No. 2. Barry Amundson of the Forum News Service says, “[Lisa Twomey of Moorhead is] one in the vast army of working moms in Minnesota, a state that was ranked the second best in the nation for working moms as Mother’s Day nears. North Dakota at 19th and South Dakota at 34th were further down in the rankings, but also won high marks in a few categories, according to a study released this week by personal-finance website WalletHub. The rankings were based on day-care quality, median women’s salaries and female unemployment rates, among other categories.”

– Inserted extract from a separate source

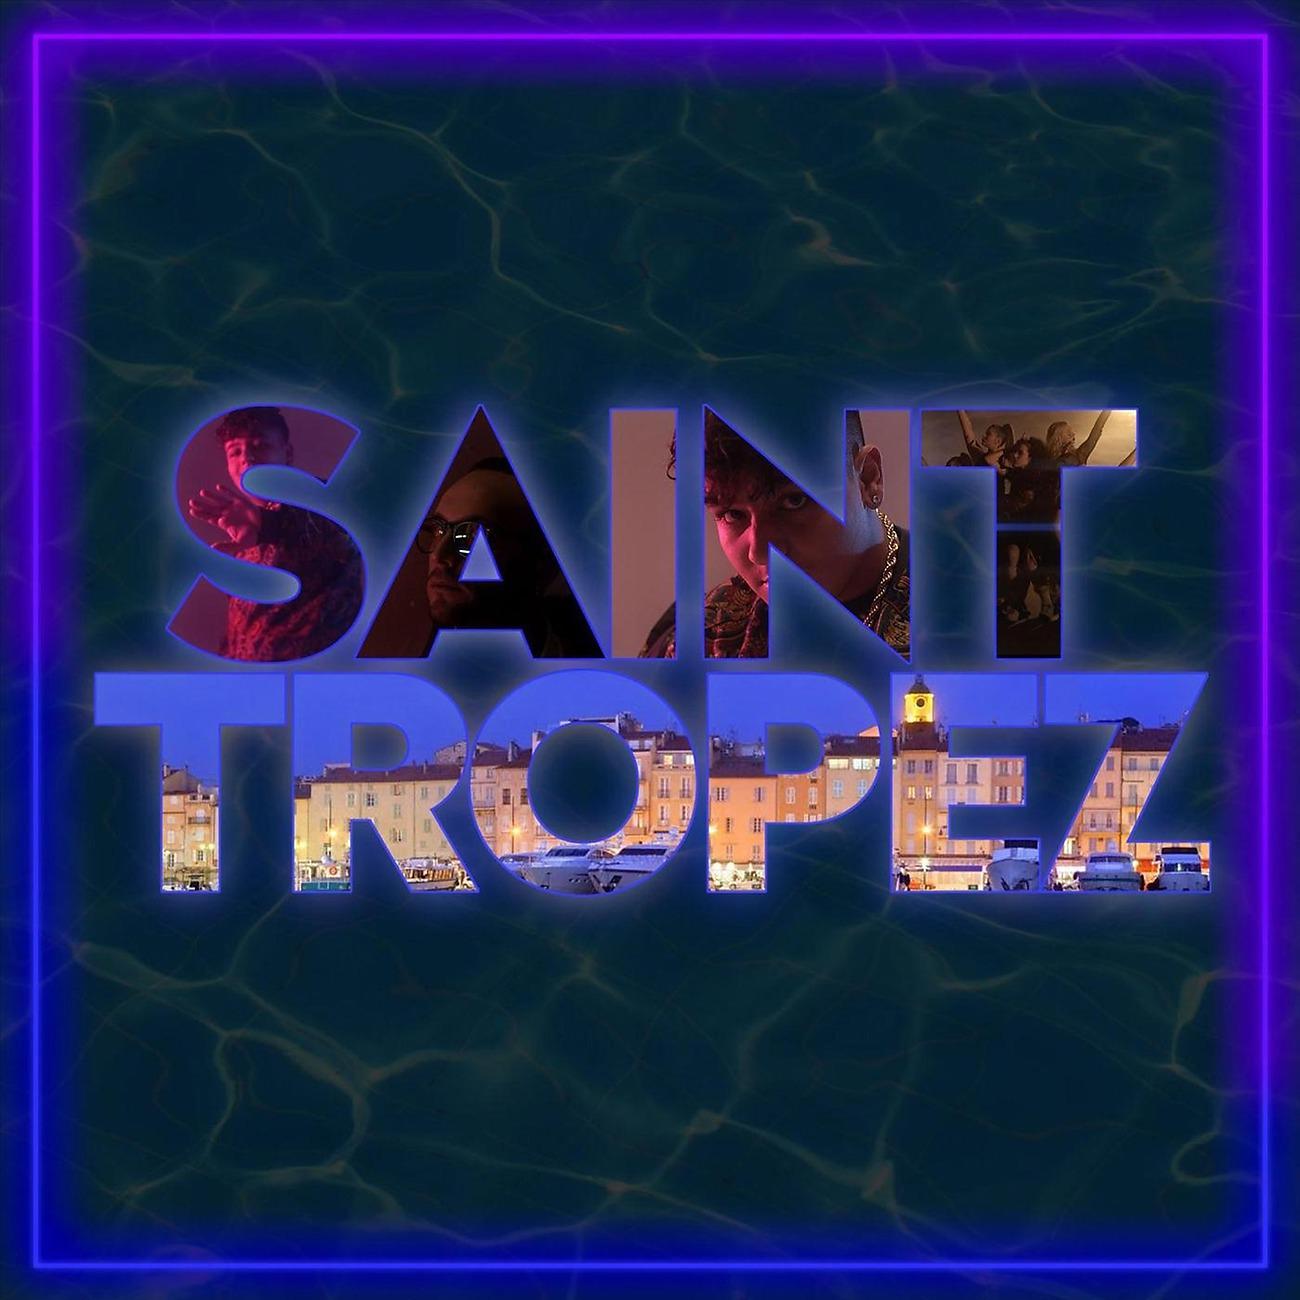 Постер альбома Saint Tropez

The inclusiveness stuff is clearly a plot. Says Beatrice Dupuy for the Strib, “The calls flooded into Delano Superintendent Matthew Schoen’s office as soon as word got out that teachers were putting up rainbow-colored signs that read, ‘Diverse, Inclusive, Accepting, Welcoming, Safe Space for Everyone.’ Some parents took issue with the rainbow color scheme, which they felt focused on the gay and lesbian community. In response, district officials informed teachers by e-mail that they could be violating a written policy about the posting of non-school-sponsored material. Now district officials and the Delano Teachers Union are trying to work out a solution. By late afternoon Tuesday, district officials told the union that teachers could use their discretion in deciding whether to keep the signs up, and Schoen said that staff were never ordered to remove them.”

Comments (1)

  1. Submitted by Henk Tobias on 05/10/2017 - 12:35 pm.

    Nice work Delano

    I am so happy to see that you all are maintaining the narrow mindedness I grew up with. God forbid your schools become ‘Diverse, Inclusive, Accepting, Welcoming, Safe Spaces for Everyone.’ Better to fill the little kiddies heads with anger and hate, like that that spews forth from the Whitehouse in Tweet form early every morning.